The Lower Class, on the other hand, are your student-debt ridden youth and immigrants who are left to pick up the slack, doing meaningless jobs that no one else wants to do.

So, what is the problem if the Middle Class is shrinking?

Well, people in the Lower Class might lose hope of one day reaching the Middle Class, given its inevitable demise. The people of the Upper Class won’t have people doing the interesting work for them, slowing down innovation and economical growth.

I know what you’re thinking right about now. How on earth is this remotely relevant to the topic of this post?

Glad you asked.

Scaling the Middle Class

Aside from my need for parallelism in Python to simply scale a worker pool that handles API requests, I also needed that same pool to process work within a data pipeline.

The data pipelines I have usually involves one (or a few) data generators that are simply Python generators that generate data for processing. (Say, generate, one more time…)

That’s your Upper Class.

Data is then consumed by workers that perform some interesting processing, generating a result.

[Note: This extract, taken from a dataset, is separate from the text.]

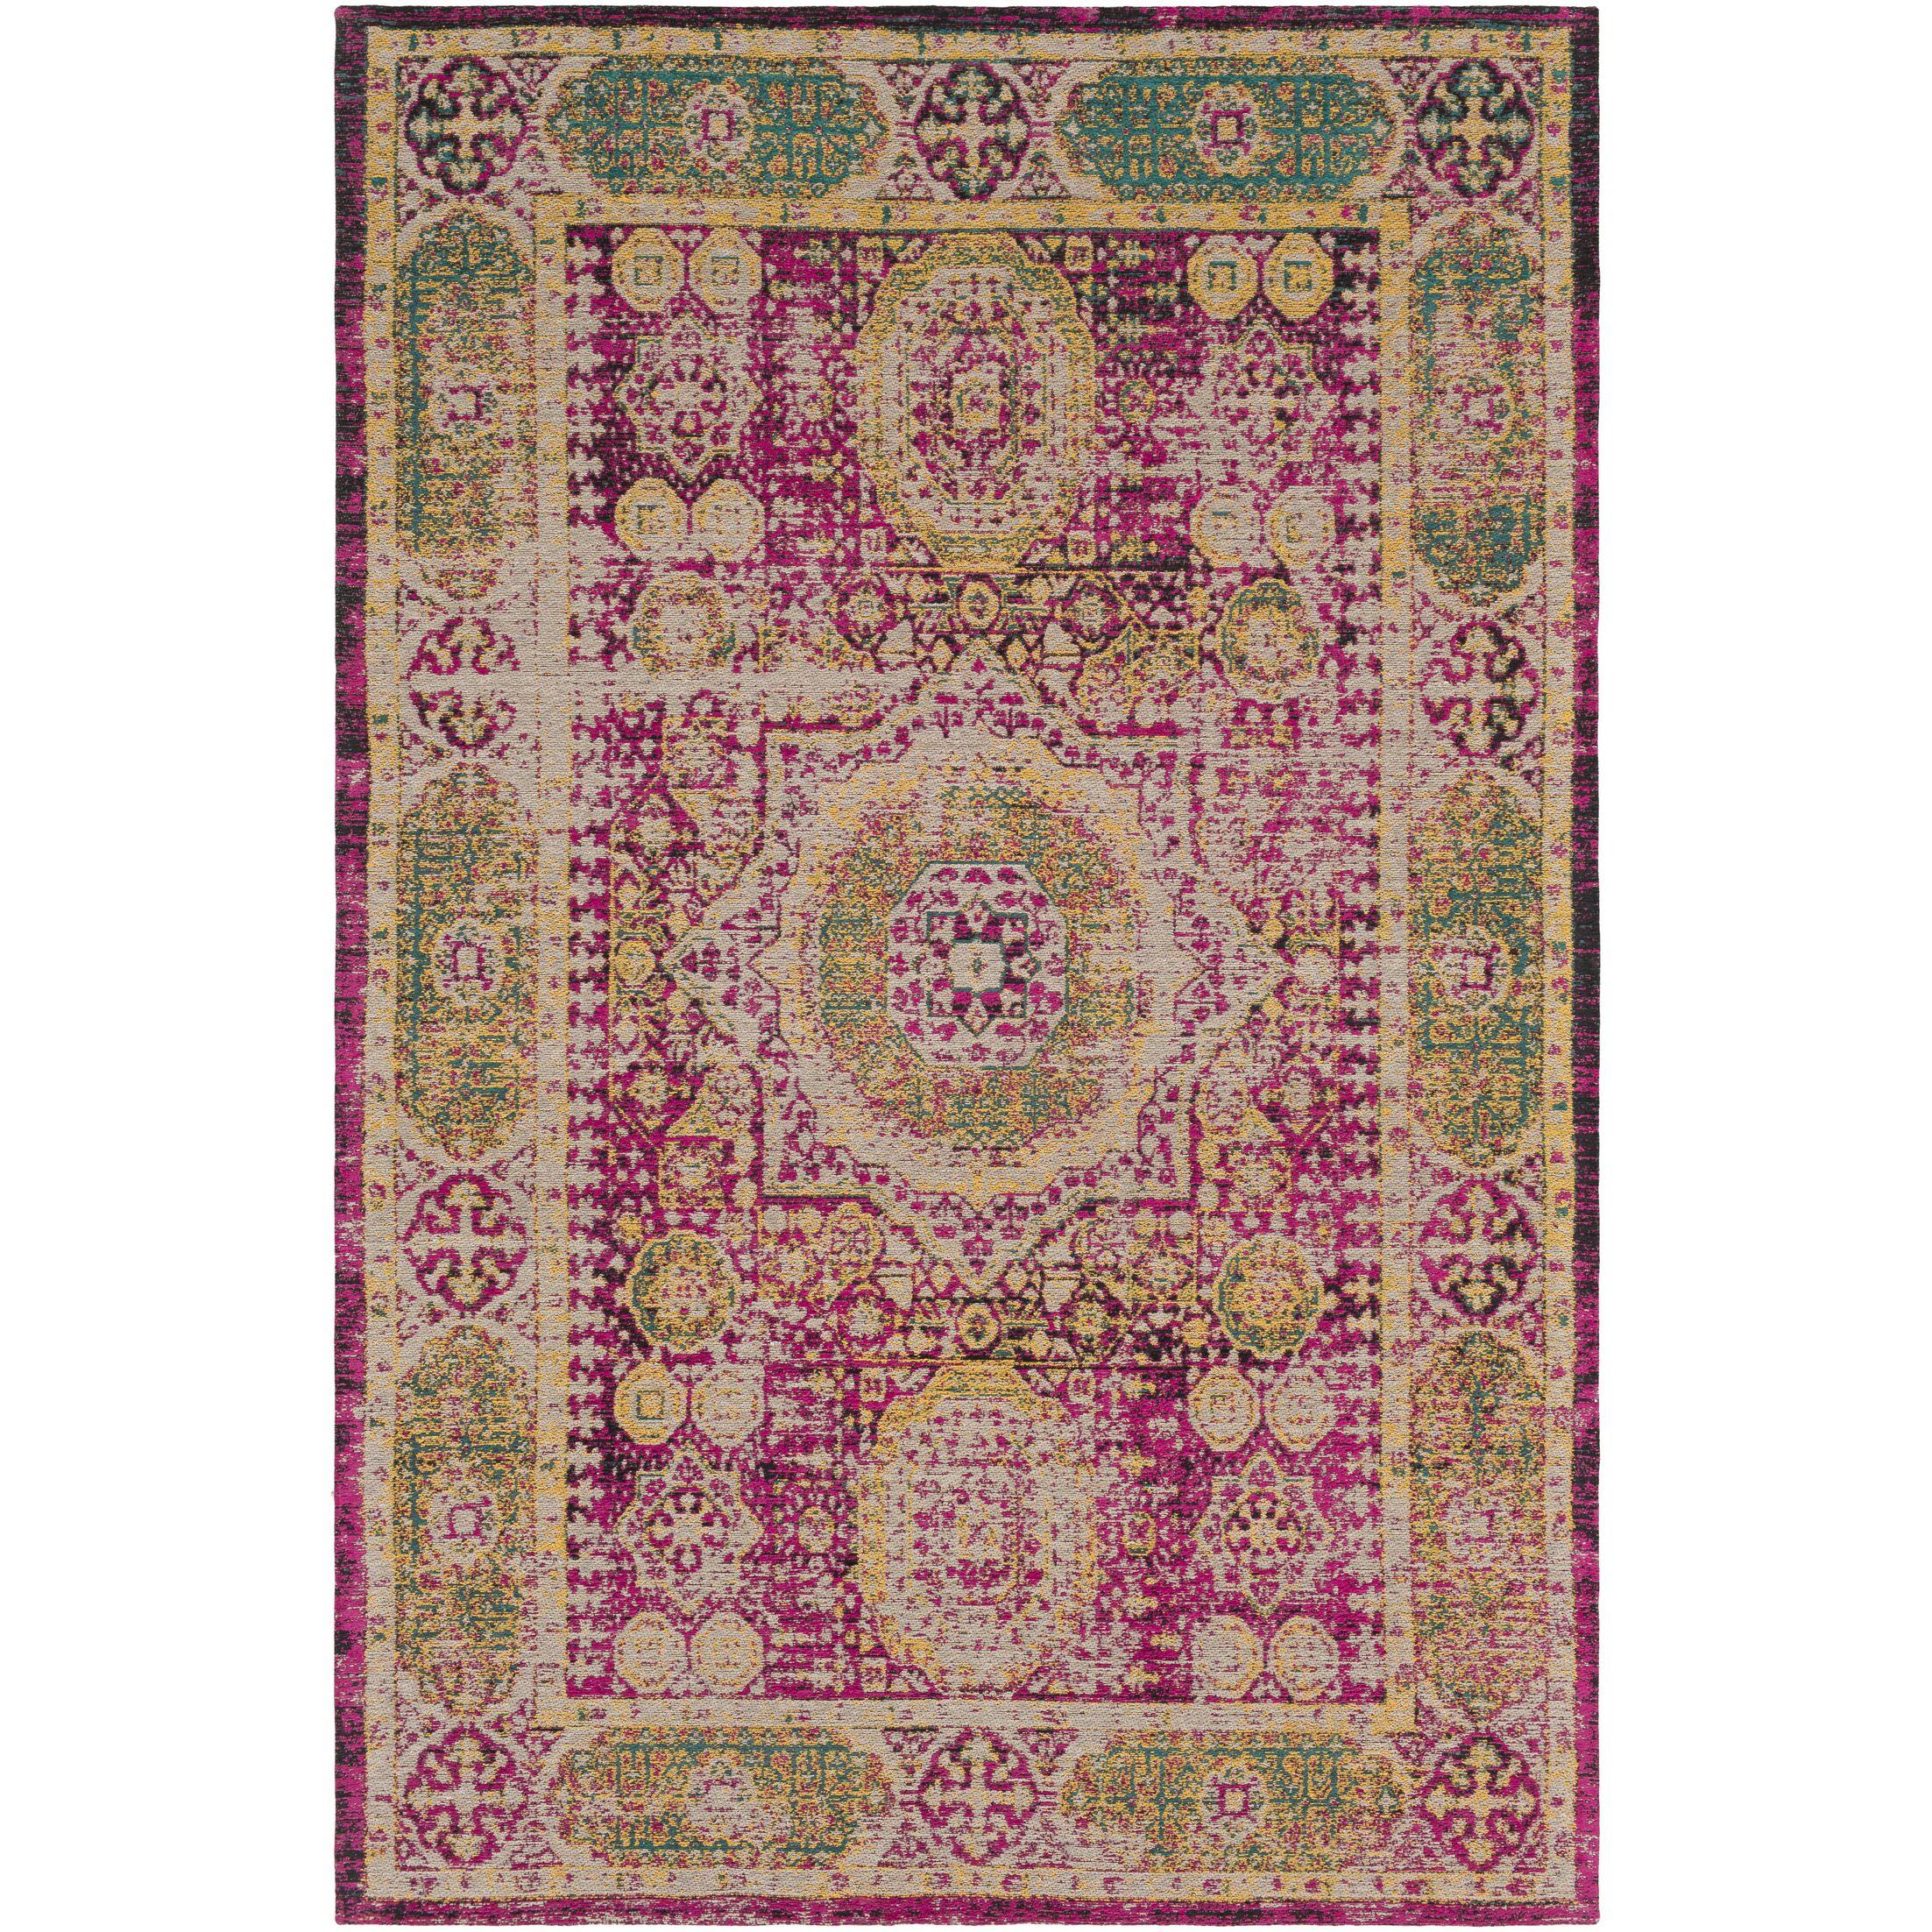 Hamza Hand-Woven Bright Pink/Saffron Area Rug Rug Size: Rectangle 8' x 10'

This processing is where the bulk of the CPU cycles go to.

That’s your Middle Class.

Finally, a collector collects the results and commits them to a database, taking care of any data inconsistencies and reporting the results at the end.

That’s your Lower Class.

And hence, our goal today is to scale the Middle Class only, in order to process as much data as possible, maximizing CPU utilization (productivity) along the way.

Fan-out & Fan-in

Let’s try our hands on a basic approach to tackle the problem statement above, shall we?

import time
from concurrent.futures import ThreadPoolExecutor

def work(data):
	time.sleep(1)
	return "done"

def callback(future):
	print(future.result())

with ThreadPoolExecutor() as executor:
    for data in data_generator:
        future = executor.submit(work, data)
        future.add_done_callback(callback)

This is fine … except, the whole place is on fire, and I’m too busy supressing the cringe to care. Let’s ignore the fact that we are using threads here, because that part is just for demonstration purposes.

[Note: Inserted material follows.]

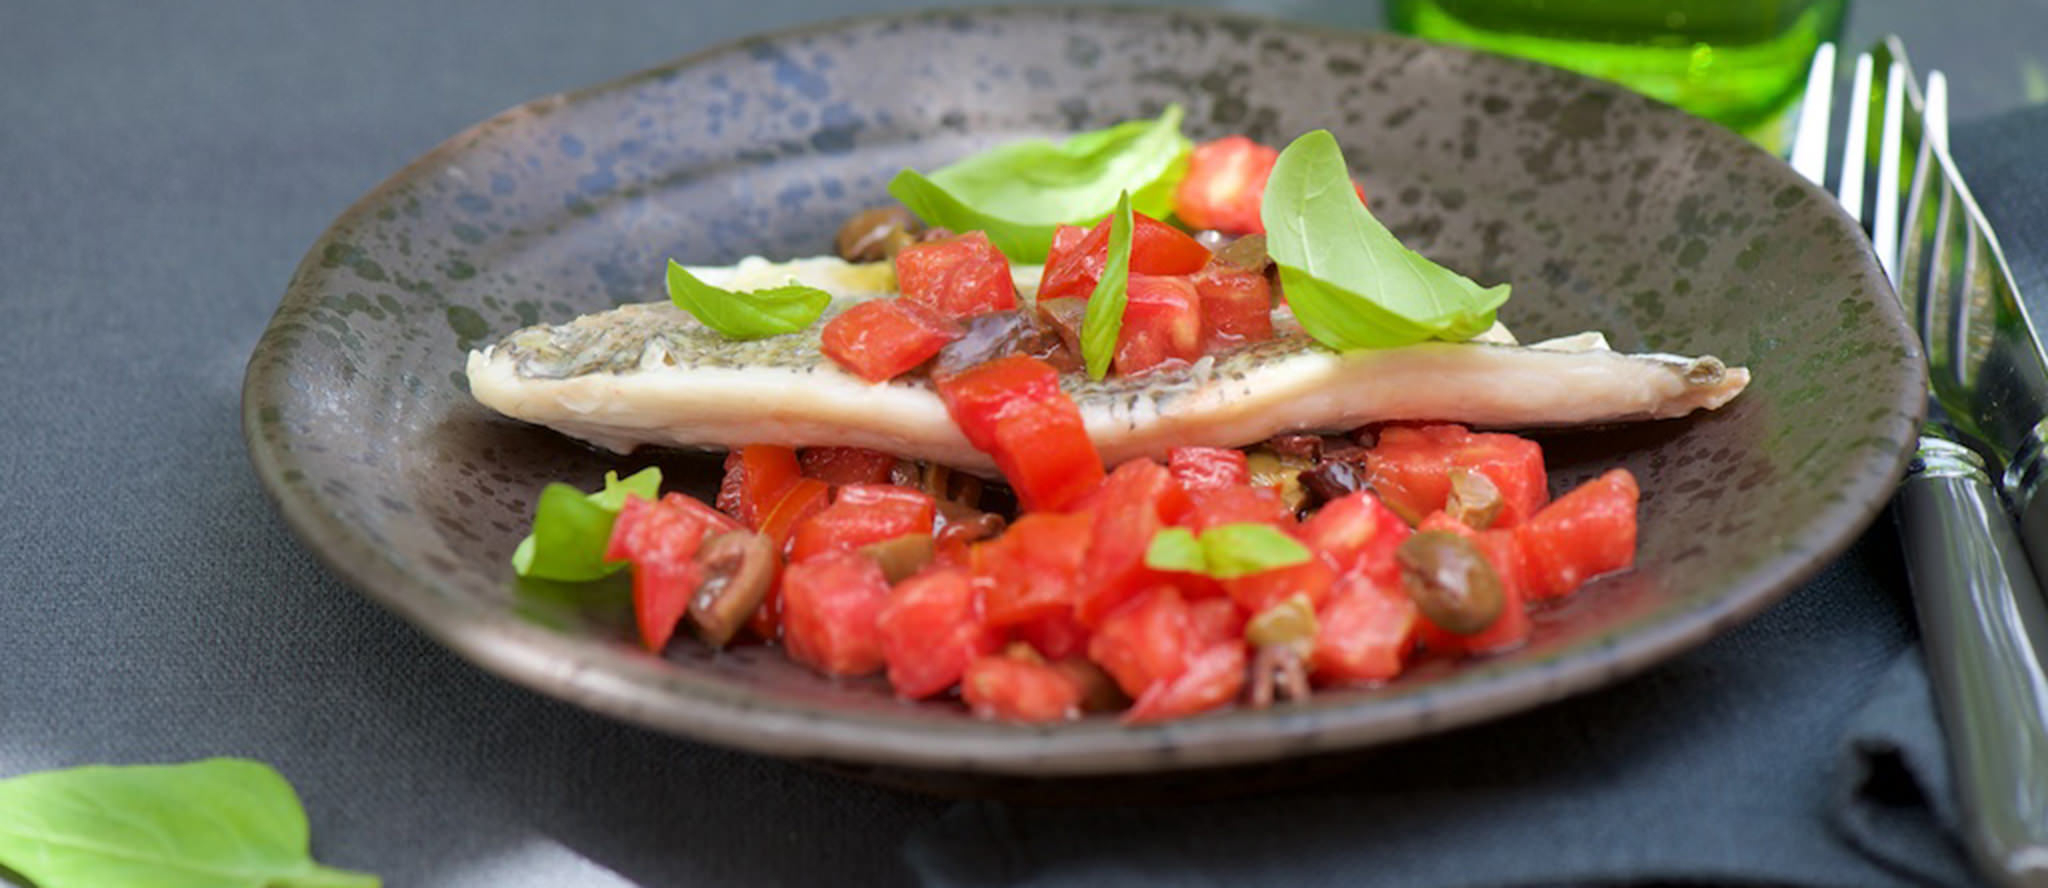 Dorade royale tomate bandeau

My issue with this code is the nesting and lack of clarity. I also believe the data_generator will fill up the executor as fast as it possibly can, which can lead to memory growth. Back-pressure to limit the data generator output would be nice, too. This problem also makes it harder to track our progress of how much data was processed.

Finally, we are in an era of async / await. I don’t even want to try throwing that into the mix, in fear of reaching depths for which there is no escape.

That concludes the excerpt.